* **Problem**
Print the listing exactly as it stands. Skip every picture.

___ Supplied material ___

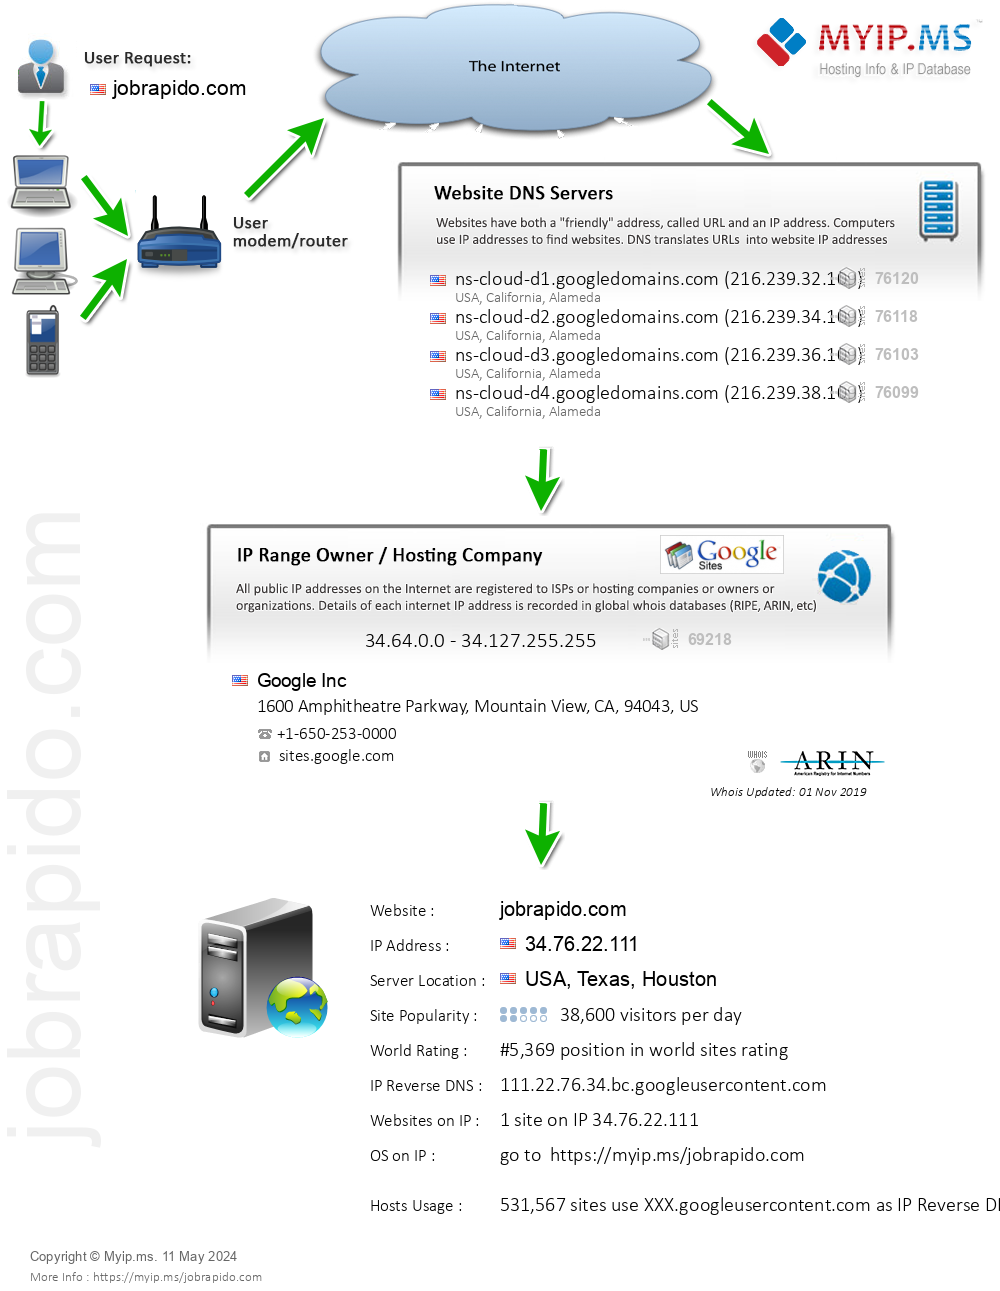 Jobrapido.com - Website Hosting Visual IP Diagram
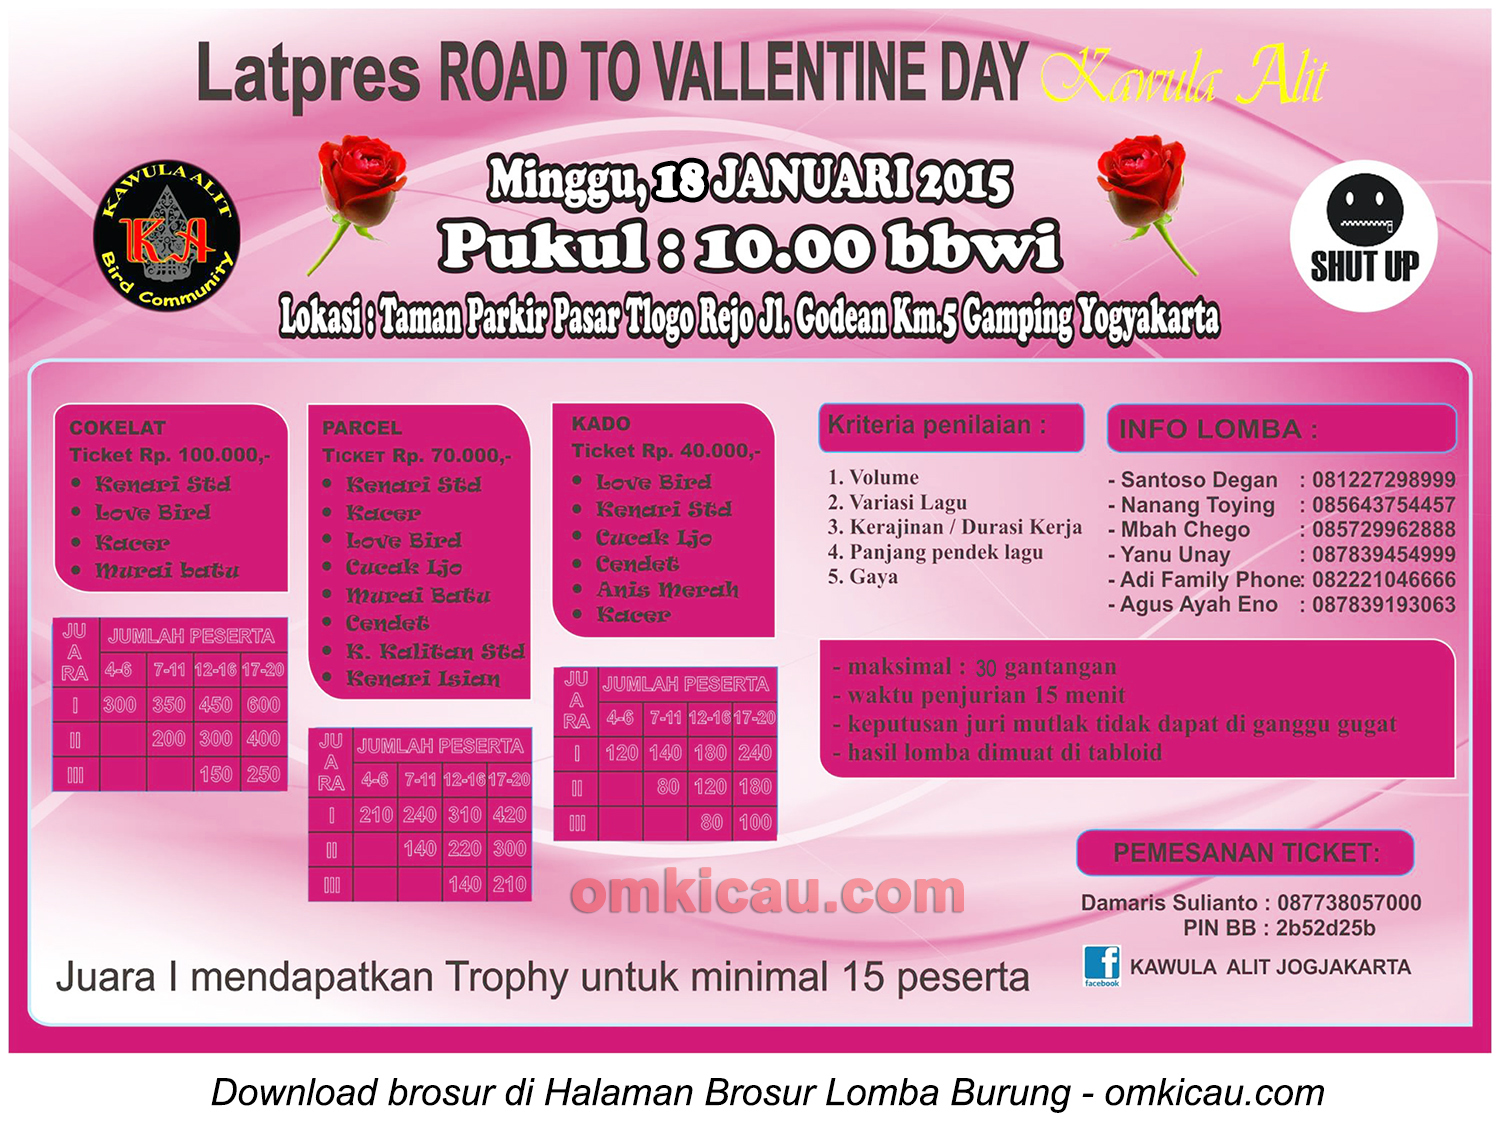 Brosur Latpres Road to Valentine Day - Kawula Alit, Jogja, 18 Januari 2015
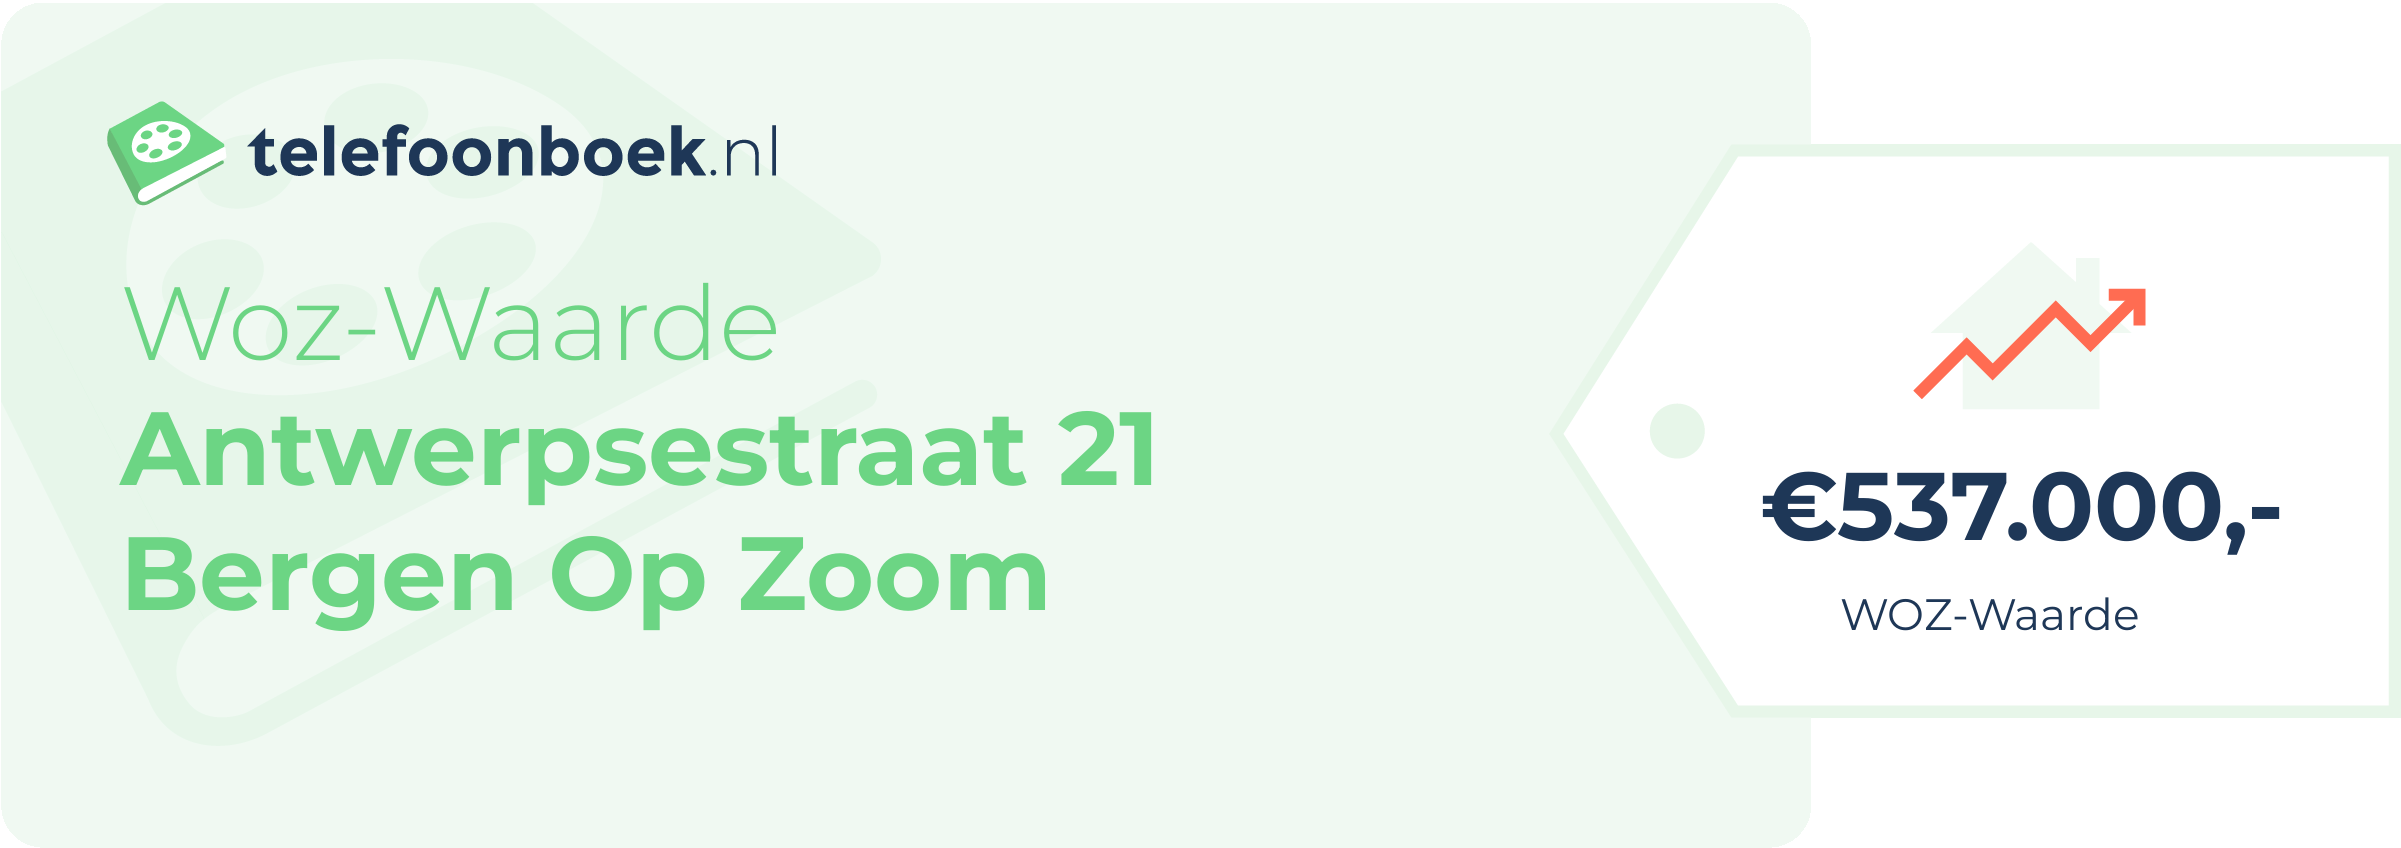 WOZ-waarde Antwerpsestraat 21 Bergen Op Zoom

___

* **Answer box**
 Jobrapido.com - Website Hosting Visual IP Diagram
 Brosur Latpres Road to Valentine Day - Kawula Alit, Jogja, 18 Januari 2015
 WOZ-waarde Antwerpsestraat 21 Bergen Op Zoom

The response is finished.